**Task:**
The pictures stay out; all of the data is to be printed exactly.

**Data excerpt:**

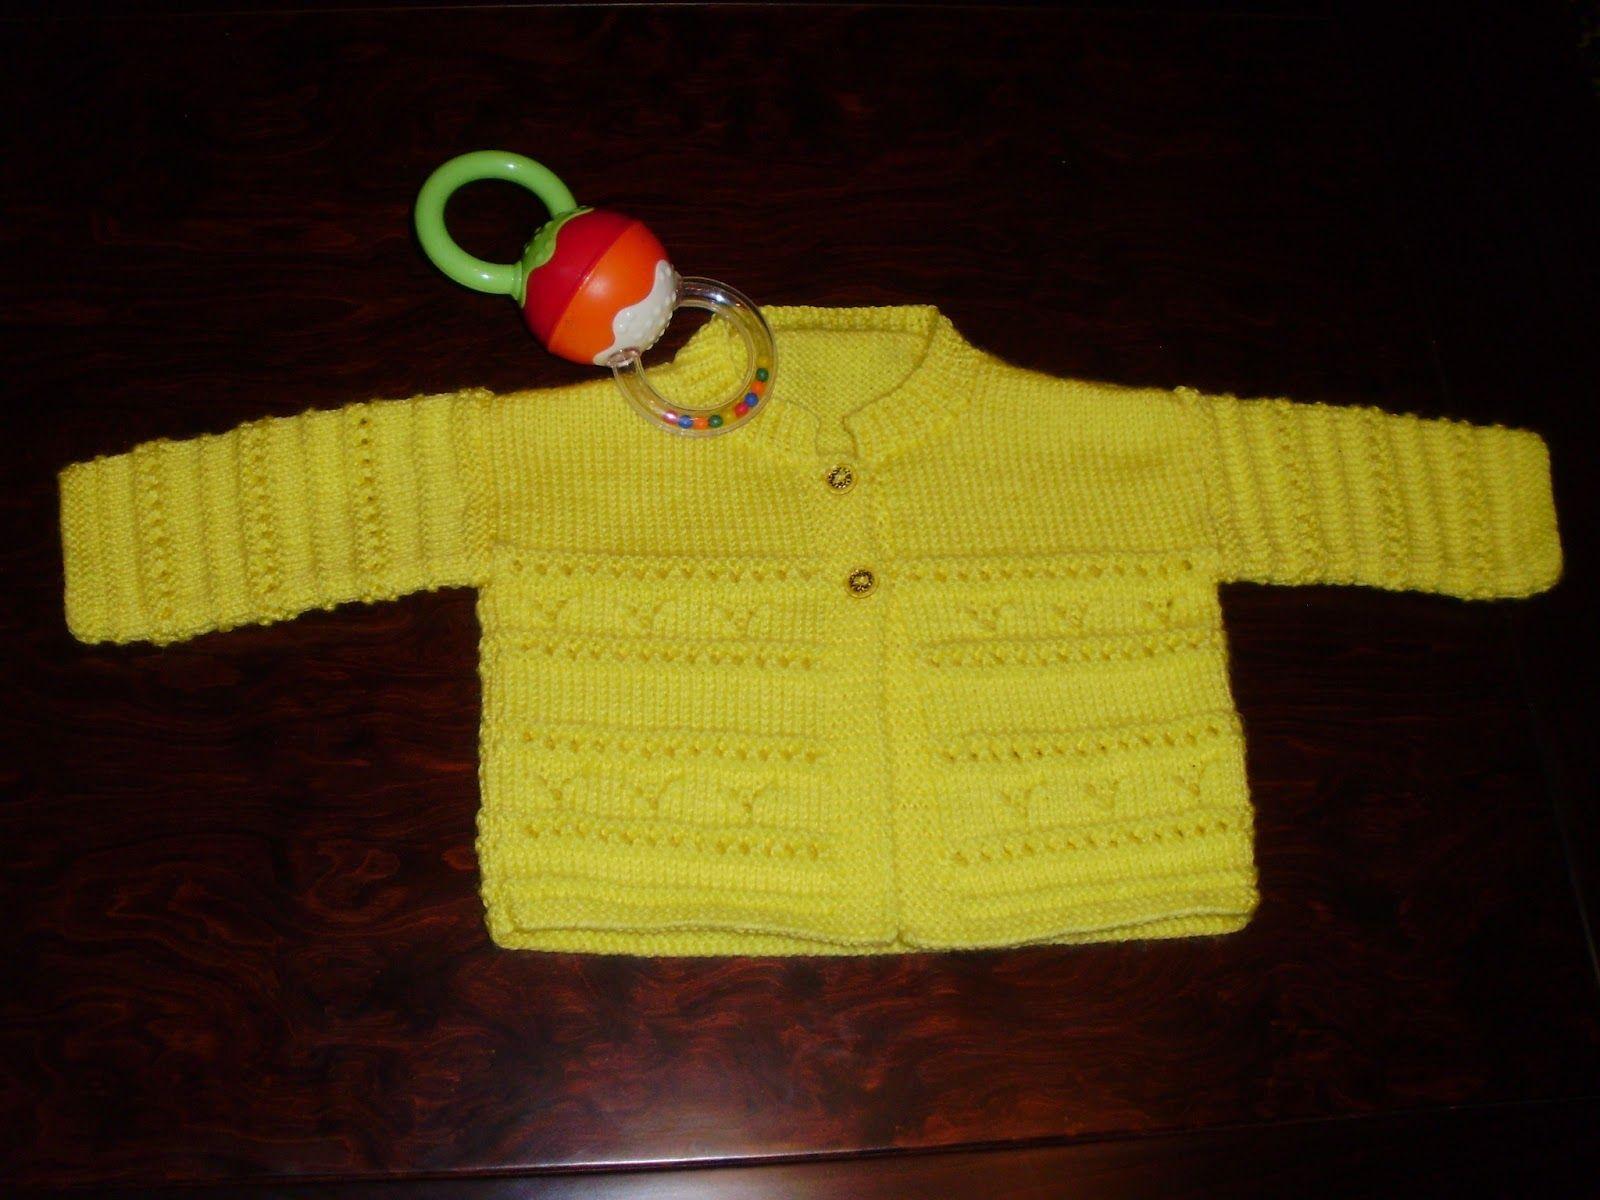 c5113d02a10c Victoria - Handmade Creations  Παιδικά και βρεφικά πλεκτά VHC ...
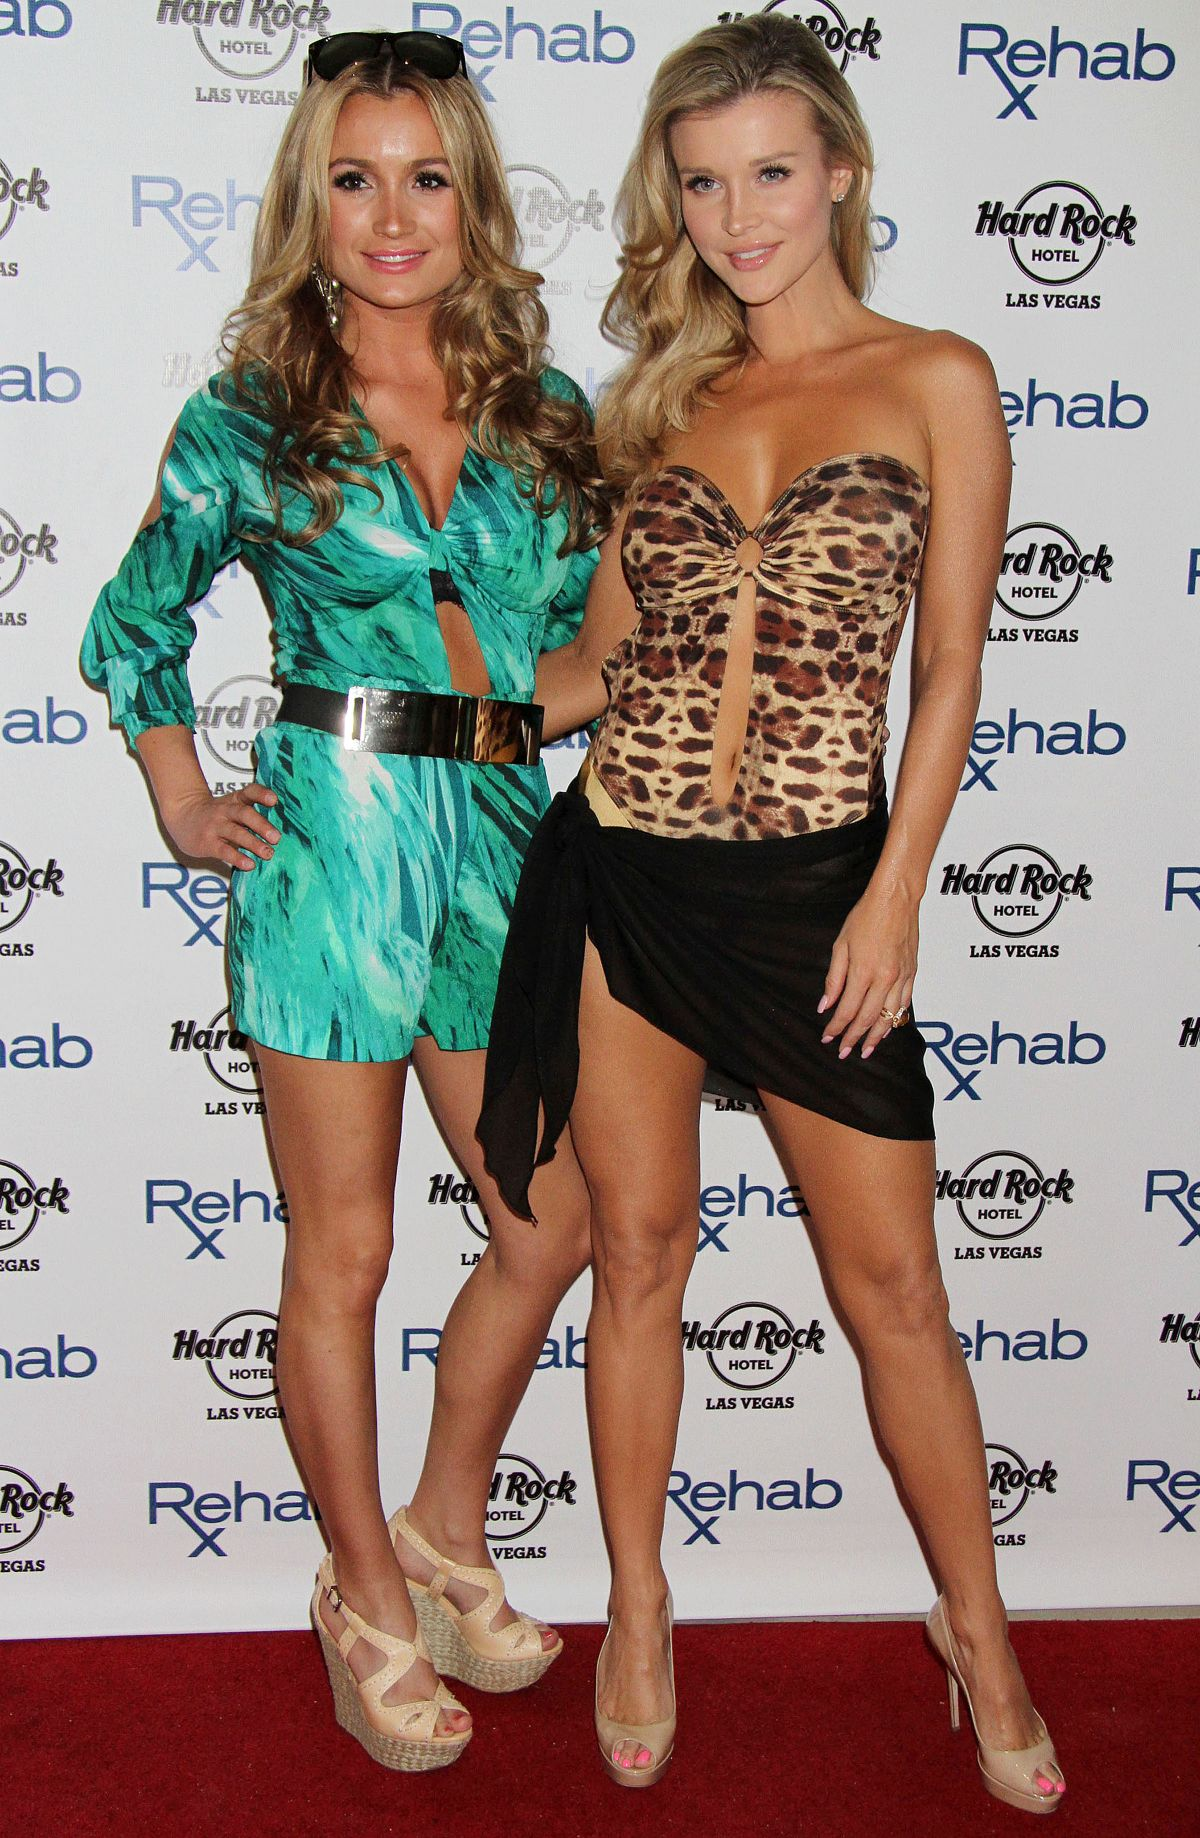 JOANNA and MARTA KRUPA at Rehab Bikini Invitational Round 1
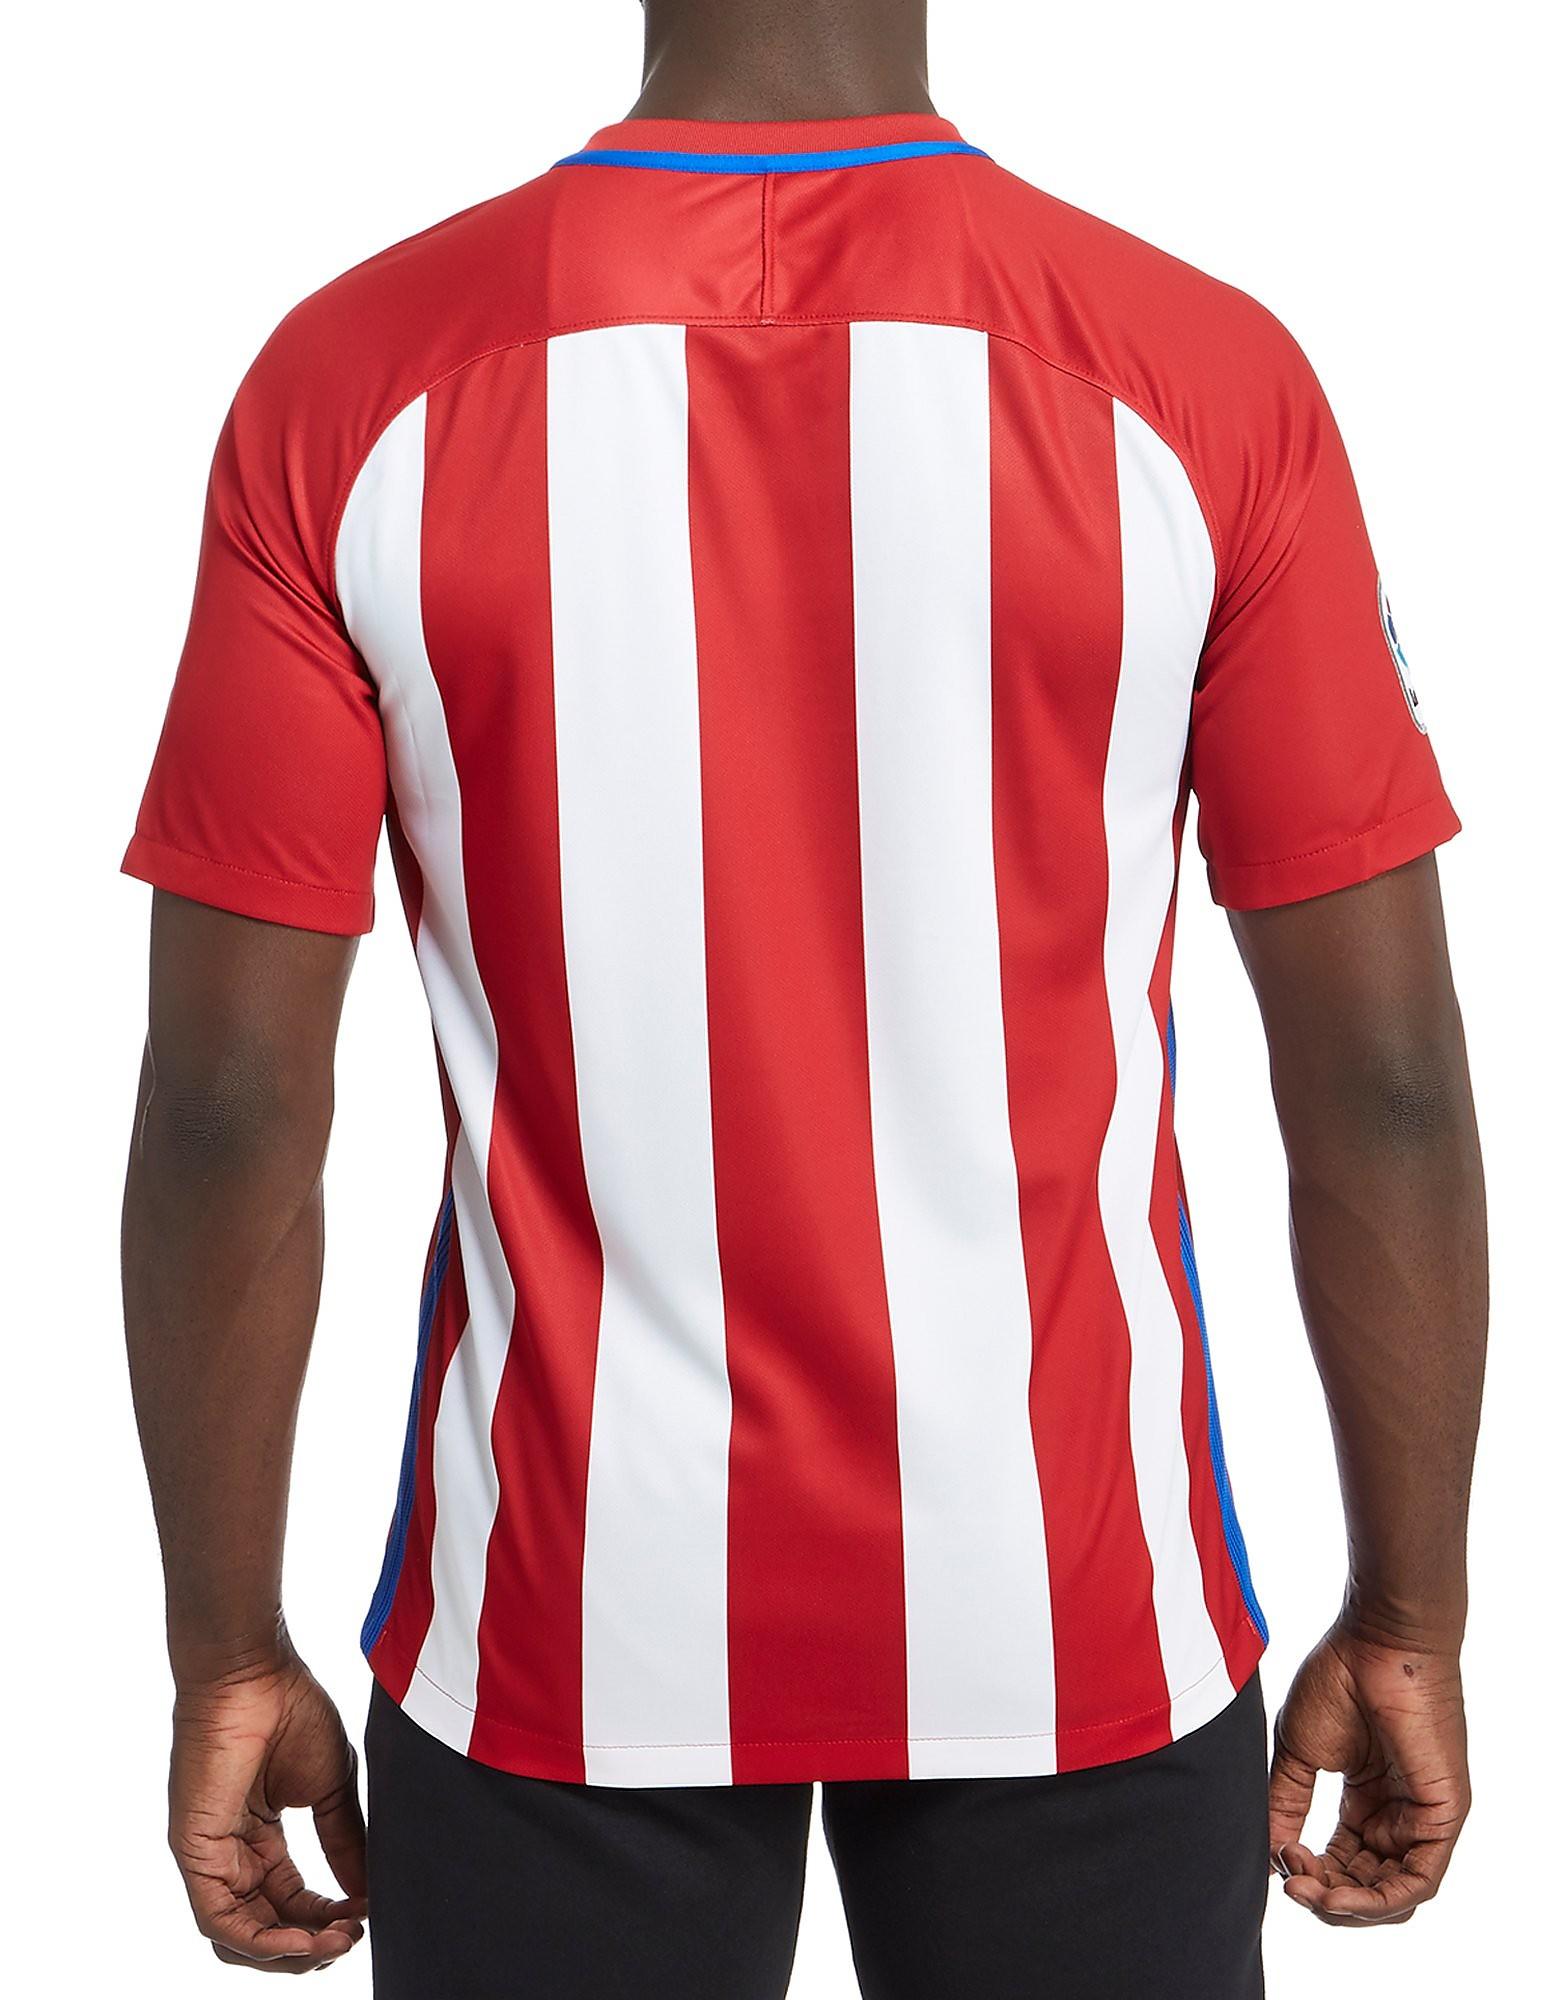 Nike Atletico Madrid 2016/17 Home Shirt

**Task answer:**
 c5113d02a10c Victoria - Handmade Creations  Παιδικά και βρεφικά πλεκτά VHC ...
 JOANNA and MARTA KRUPA at Rehab Bikini Invitational Round 1
 Nike Atletico Madrid 2016/17 Home Shirt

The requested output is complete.